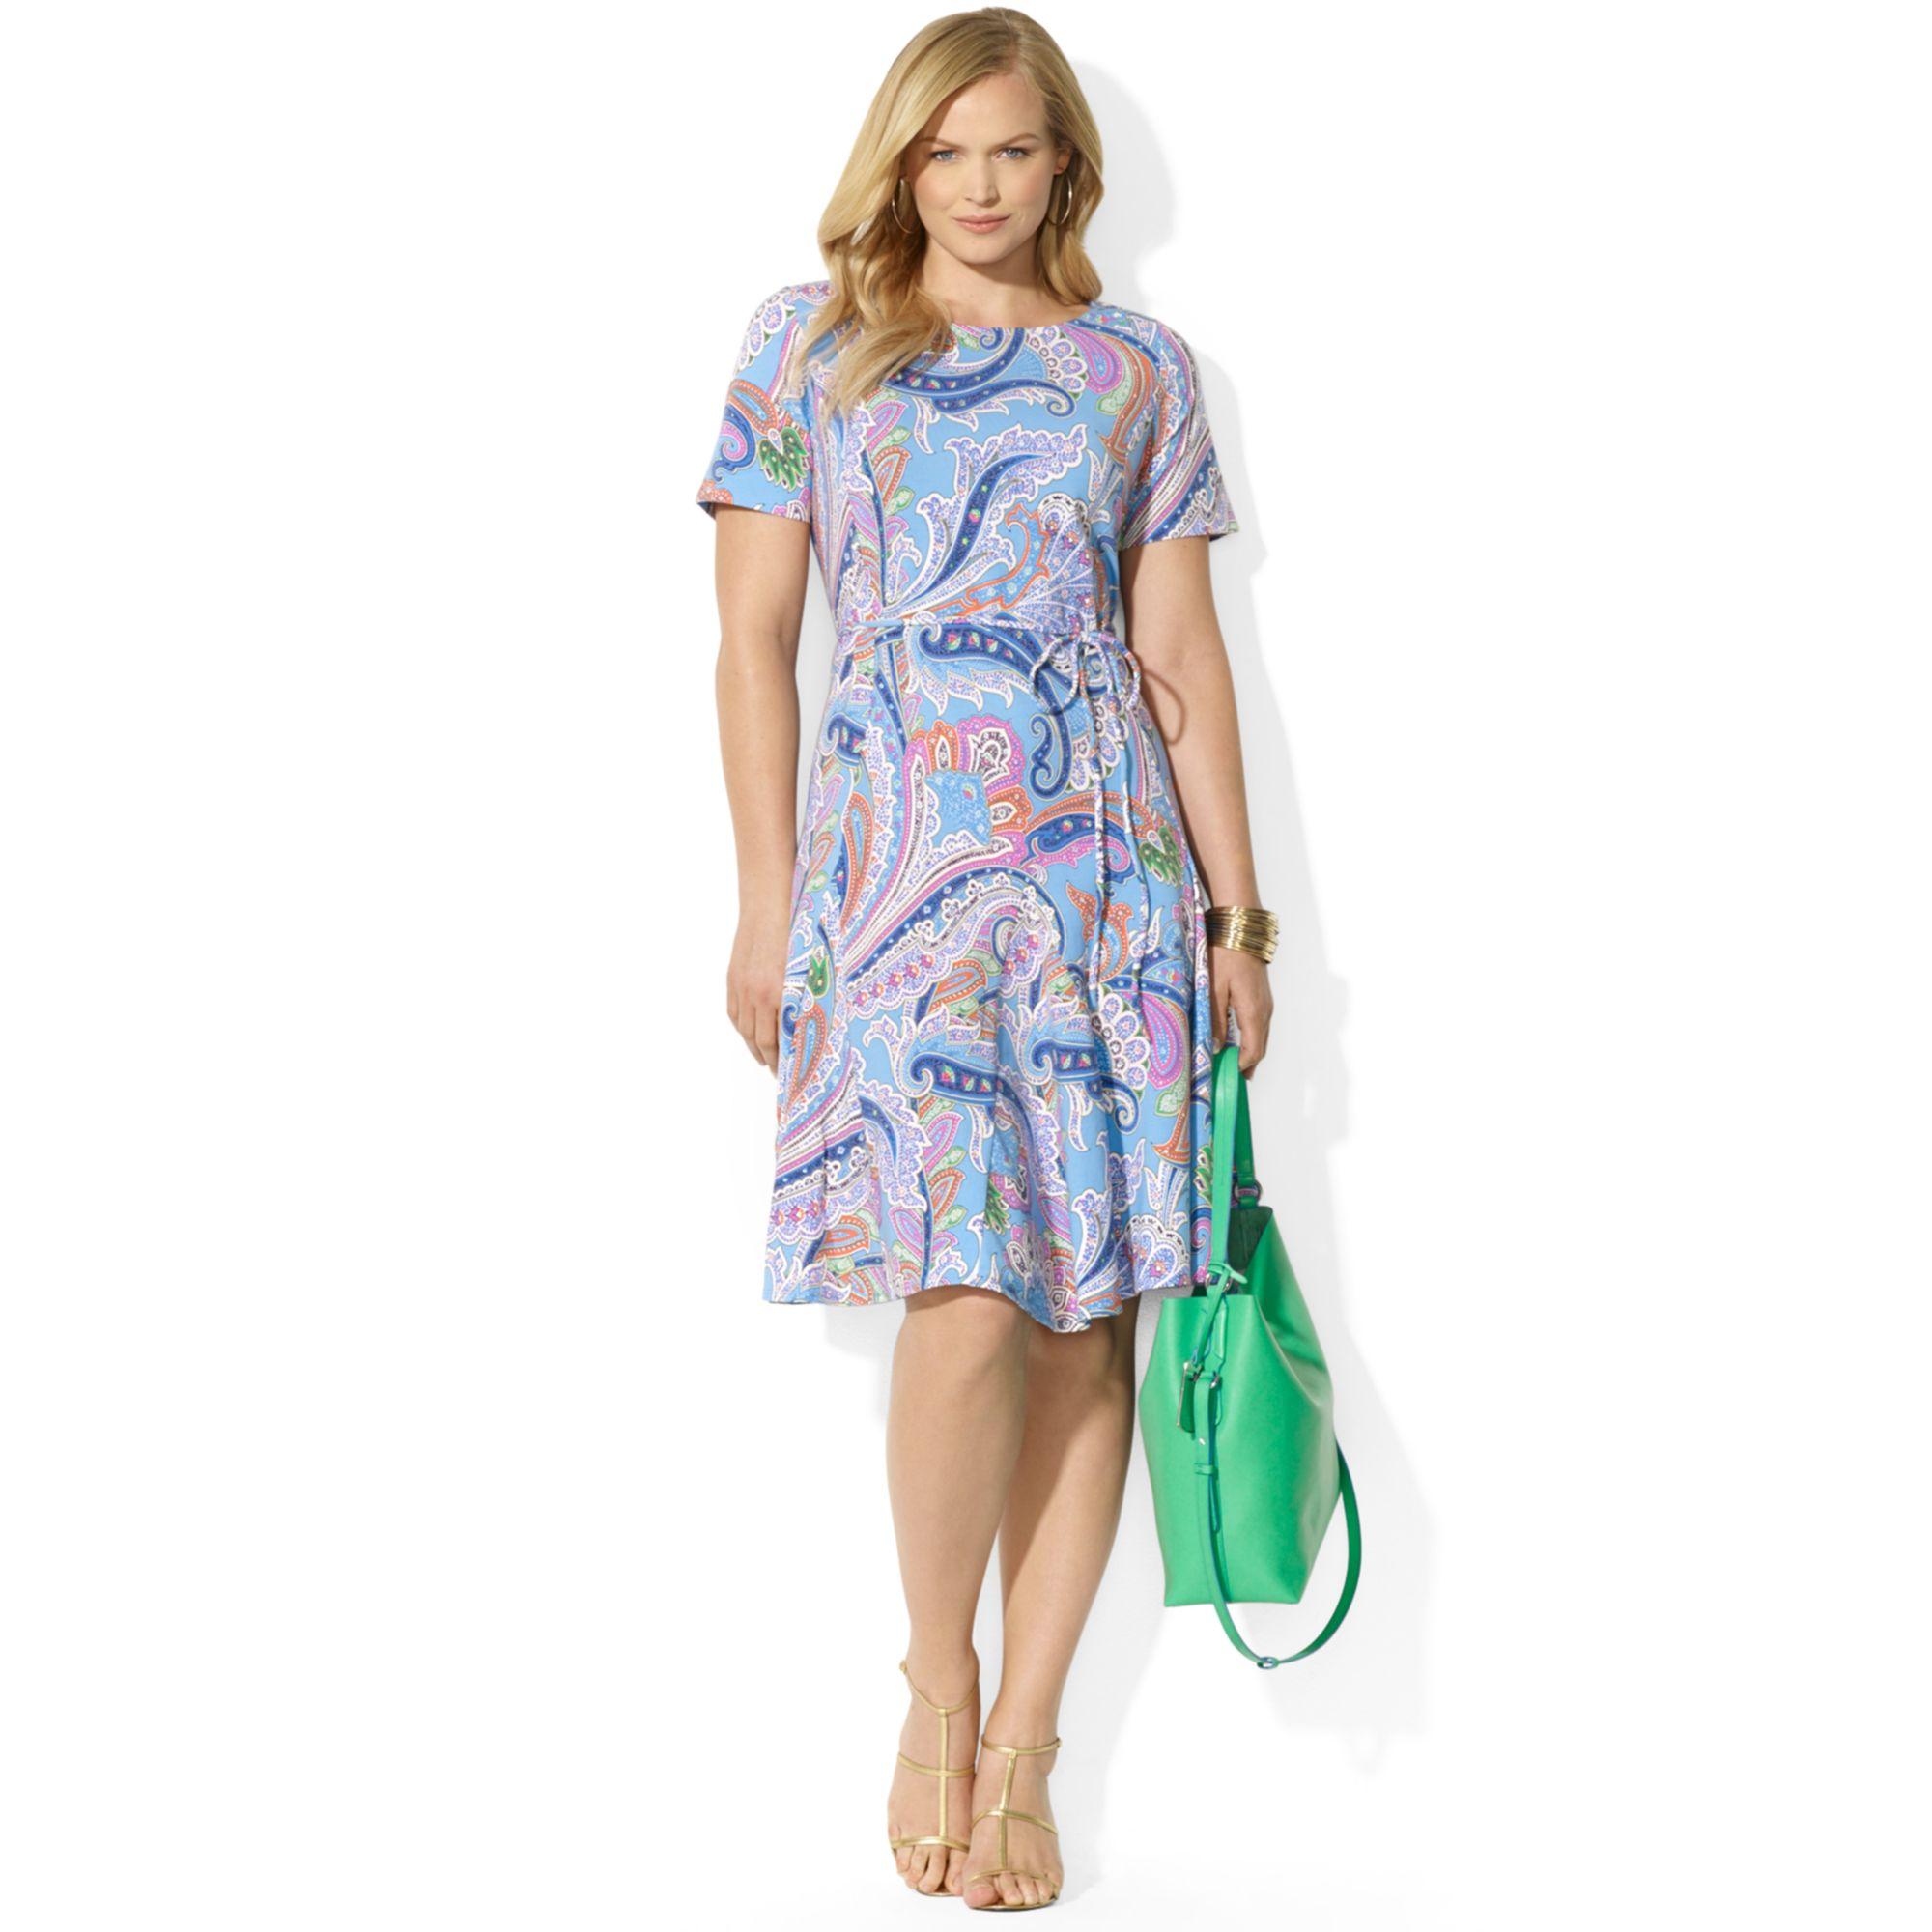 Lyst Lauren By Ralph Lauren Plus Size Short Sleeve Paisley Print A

━━━━

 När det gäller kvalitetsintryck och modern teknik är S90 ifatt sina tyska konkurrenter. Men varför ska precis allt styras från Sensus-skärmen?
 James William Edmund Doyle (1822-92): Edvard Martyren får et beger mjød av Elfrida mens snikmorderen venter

━━━━

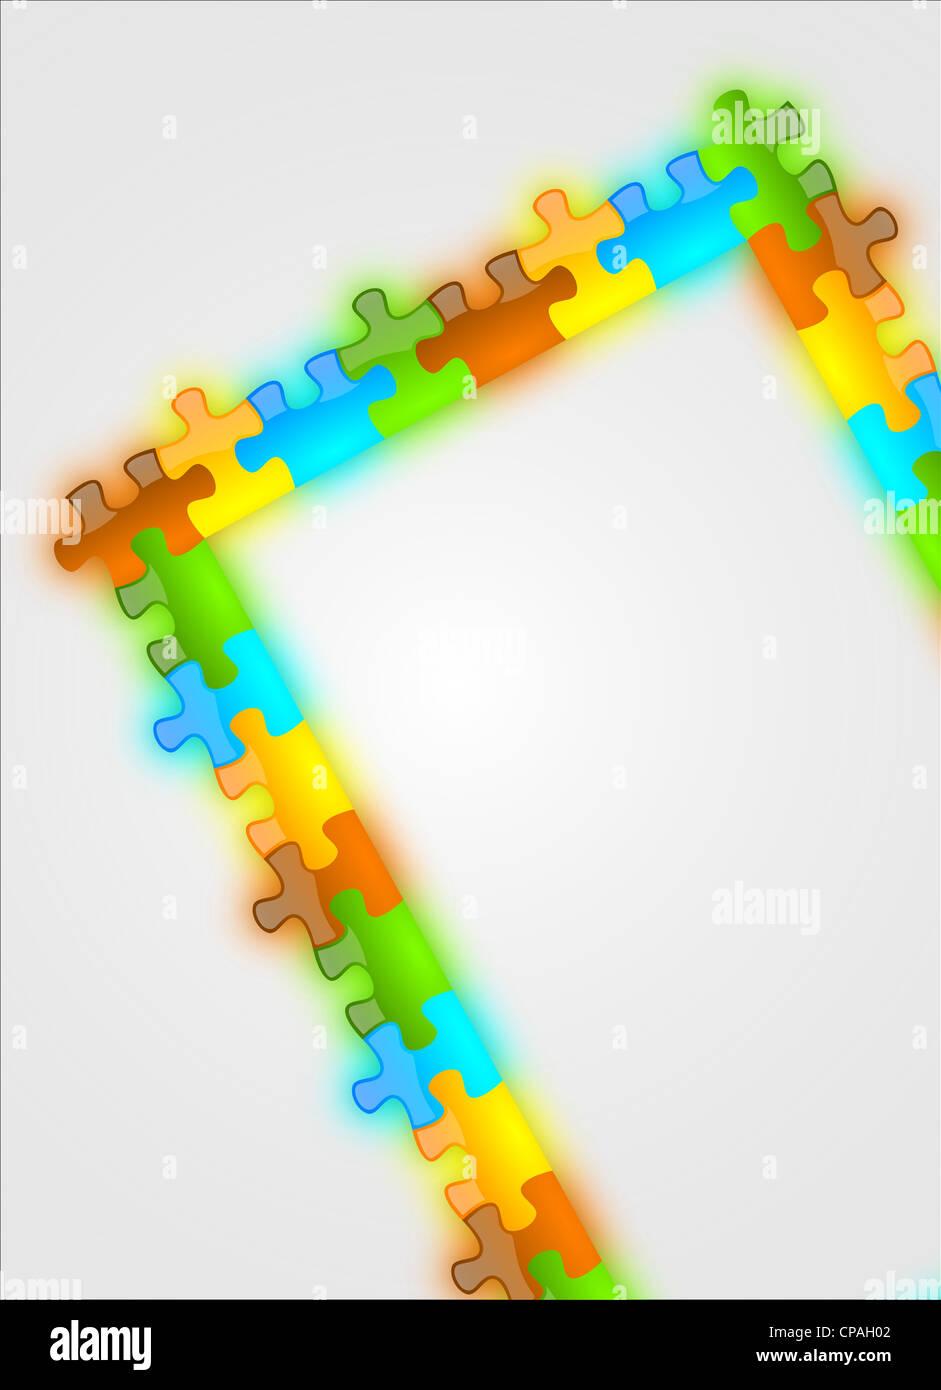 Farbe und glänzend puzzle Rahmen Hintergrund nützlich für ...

━━━━

[PROBLEM DESCRIPTION]
The expected output is exactly the lines of the listing above between the line holding "När det gäller" and the line holding "James William Edmund", inclusive.

[SOLUTION TO THIS TASK]
 När det gäller kvalitetsintryck och modern teknik är S90 ifatt sina tyska konkurrenter. Men varför ska precis allt styras från Sensus-skärmen?
 James William Edmund Doyle (1822-92): Edvard Martyren får et beger mjød av Elfrida mens snikmorderen venter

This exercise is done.